Sans abuser du fait il m'arrive de citer certains de mes propos, du fait j'ai quelque idée des raisons de le faire, et de ce que j'en comprends on a trois raisons de le faire, réitérer un propos, le mettre en doute ou le mentionner. Probablement il y en a d'autres mais je parle ici des motifs qu'on dira honnêtes, ou dialectiques, et non de ceux rhétoriques. Comme auteur j'ai cette pratique, je ne fais figurer comme citations marquées (mise en italique, en gras ou en souligné) que les deux derniers cas, le premier n'est pas proprement un citation, on redit la même chose pour la remémorer ou la renforcer. Citer c'est mettre à distance, ne pas revendiquer un propos comme sien à l'endroit où il figure.
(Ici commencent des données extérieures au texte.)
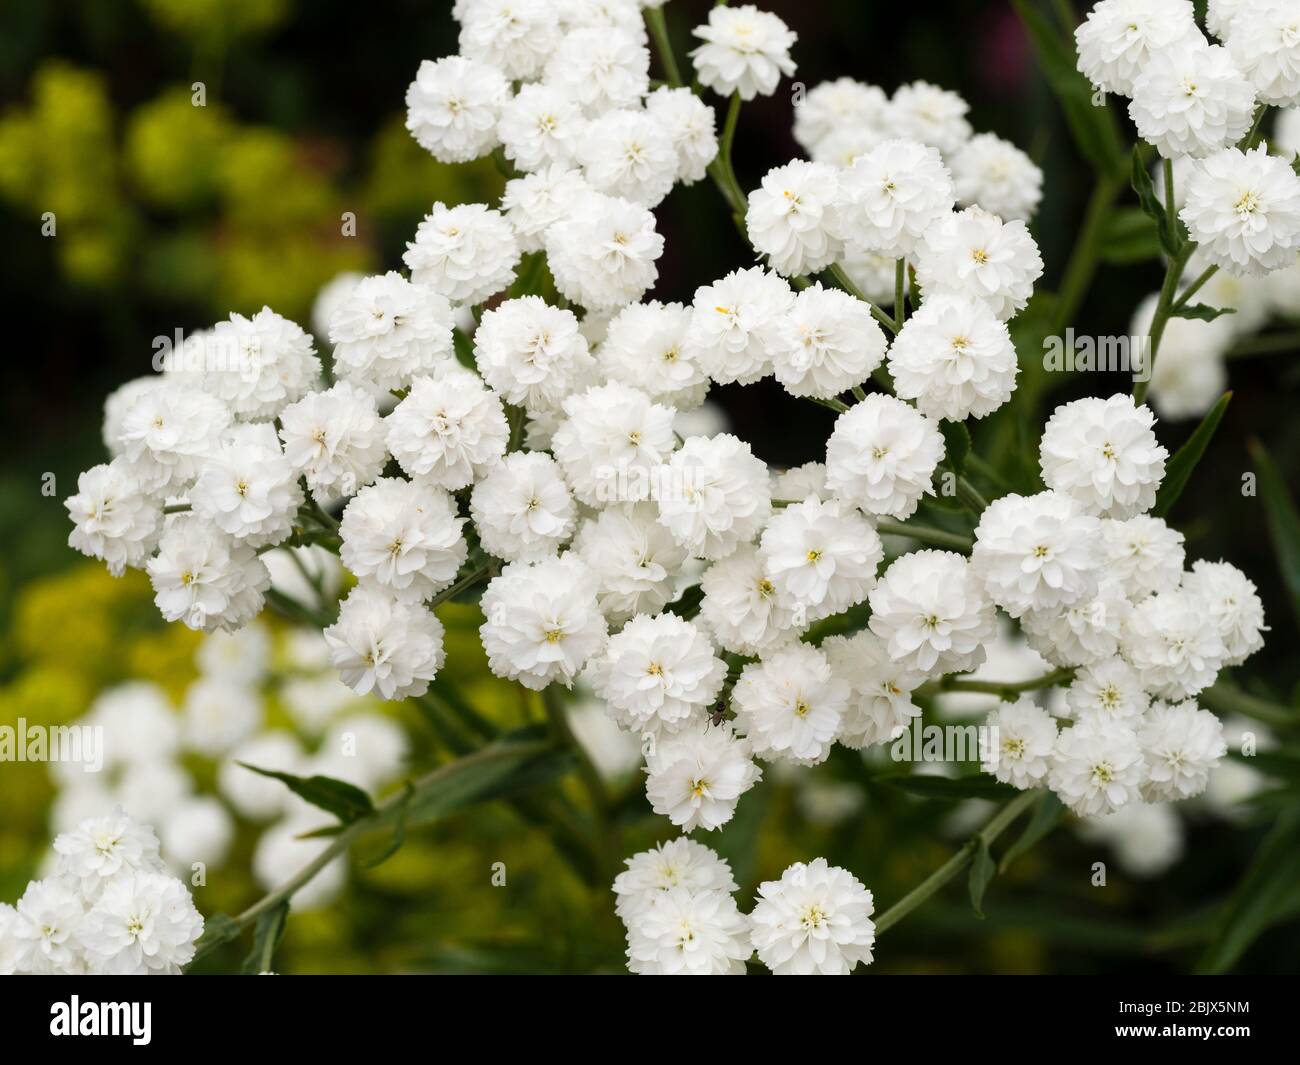 Massed white double flowers of the hardy annual baby's breath, Gypsophila paniculata 'Snowflake' Stock Photo
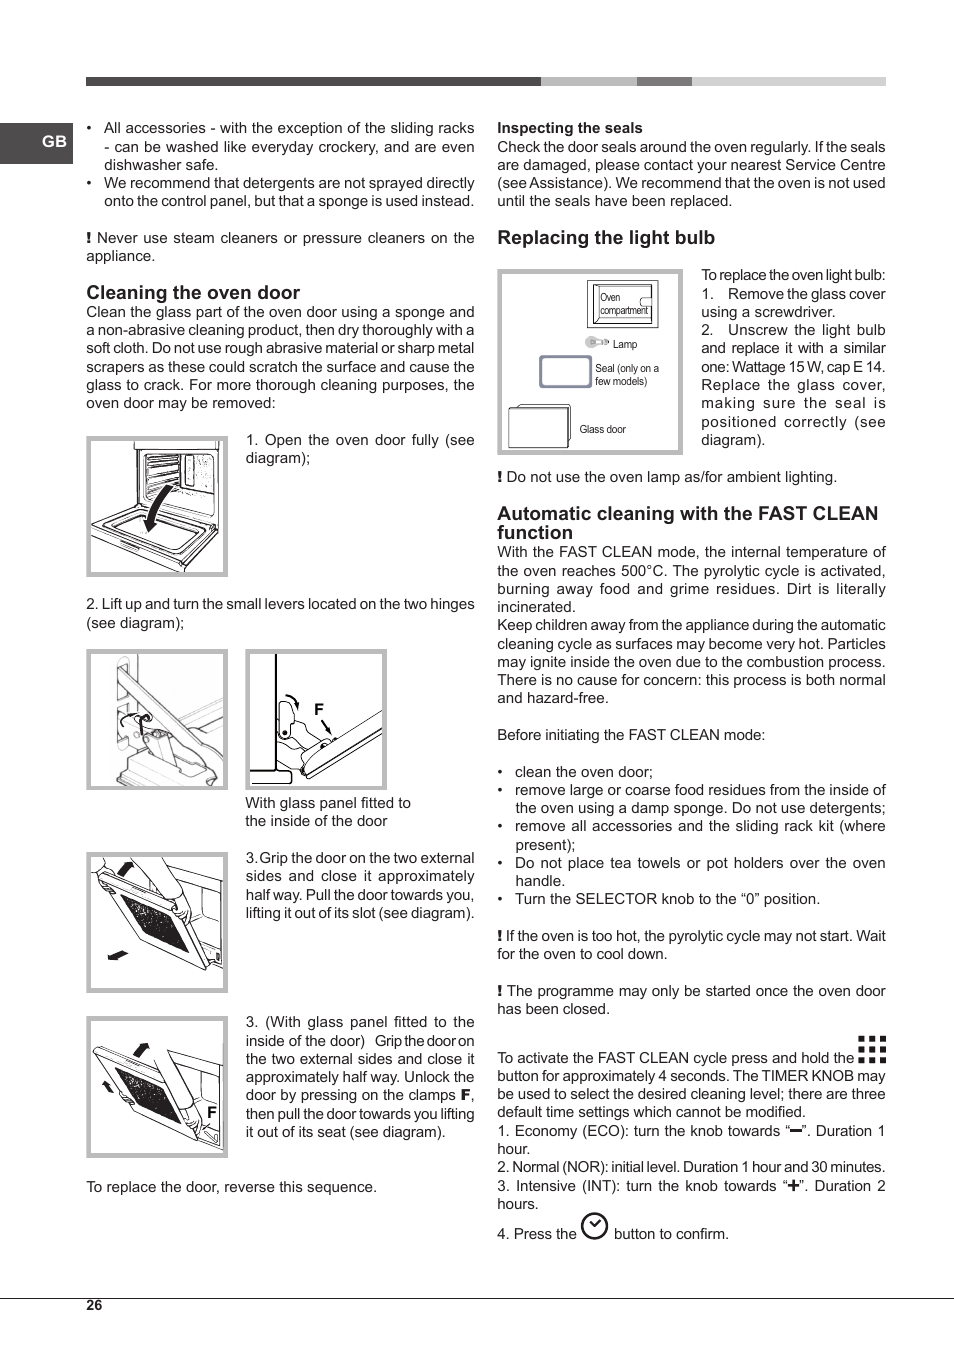 Cleaning the oven door, Replacing the light bulb, Automatic cleaning with  the fast clean function | Hotpoint Ariston Style FH 89 P IX-HA S User  Manual | Page 26 / 56 | Original mode

Si je cite un passage qui précède comme mention, cette mise à distance ne signifie pas que je le mets en doute, simplement je signale à mes possibles lecteurs qu'à cet endroit ce passage “n'a pas de sens”, qu'il s'agit d'une forme à laquelle il ne faut pas, à cet endroit, attribuer de signification ; si je le cite en le mettant en doute, alors il s'agit bien de son sens, et je signale que je ne lui donne pas de valeur de signification certaine, voire que je le considère insensé. Dans cette partie du discours de Descartes, la seconde mention est une mise en doute.
Je n'aime pas trop commenter parce que faire cela revient en gros à vouloir donner à ses possibles lectrices et lecteurs idée qu'il s'agit du “vrai” sens, vouloir qu'ils ou elles “pensent comme soi”, or sauf rares cas je préfère nettement que les gens pensent comme eux que comme moi. Mon but ici est autre, pointer que beaucoup de personnes ne pensent pas comme elles-mêmes ou veulent qu'on pense comme elles. Ici, donner la sentence « Je pense, donc je suis » comme “la pensée de Descartes” fait l'impasse sur la démarche où il passe de l'affirmation que « cette vérité : je pense, donc je suis, [est] si ferme et si assurée, que toutes les plus extravagantes suppositions des sceptiques [ne sont] pas capables de l'ébranler », à celle inverse, « il n'y a rien du tout en ceci : je pense, donc je suis, qui m'assure que je dis la vérité ». Sans même considérer cette multitude de commentateurs qui souffrent de psittacisme et se contentent de répéter sans comprendre, dans des formules définitives du genre « Comme dit Descartes, “je pense donc je suis” », il y a une foule moins nombreuse mais encore importante de bien pires personnes, les épigones, que le Petit Larousse définit comme « disciple[s] sans originalité ». Les perroquets sont regrettables, les épigones condamnables : ils font plus que répéter sans comprendre, ils ont l'art de donner l'impression d'avoir compris. Ici, d'avoir compris ce qu'est le “doute cartésien”. Cette “compréhension” sans originalité va à l'inverse de ce que propose Descartes, non pas douter de la réalité mais douter de soi. L'épigone cartésien n'est pas la source d'une propension à élucider son rapport propre au réel, d'une propension à la méthode scientifique, mais les propagateurs d'une attitude qui conduit à mettre en doute tout sauf ses propres certitudes.
Ah oui ! Le titre et la phrase d'introduction. Une petite explication.
Dans une lettre à un de ses amis, Descartes discute de la question à la base de la quatrième partie du Discours de la méthode, mais la sentence y figure sous cette forme, « Je pense, je suis », ce qui établit une corrélation et non une causalité, celle qu'indique le “donc” de la sentence qui court les écrits de son temps. Une corrélation est le constat de l'habituelle présence simultanée de certains faits où l'on ne peut déterminer assurément une causalité. Ici, “je pense, je suis” ou “je suis, je pense” sont le même propos : penser et être sont massivement corrélés mais penser, est-ce la cause ou l'effet, être, la cause ou l'effet, ou les deux sont-ils causes d'un effet ou effets d'une cause, ou cette corrélation est-elle due au hasard ?
Par prudence, il vaut de ne pas confondre causalité et corrélation, ça évite bien des erreurs.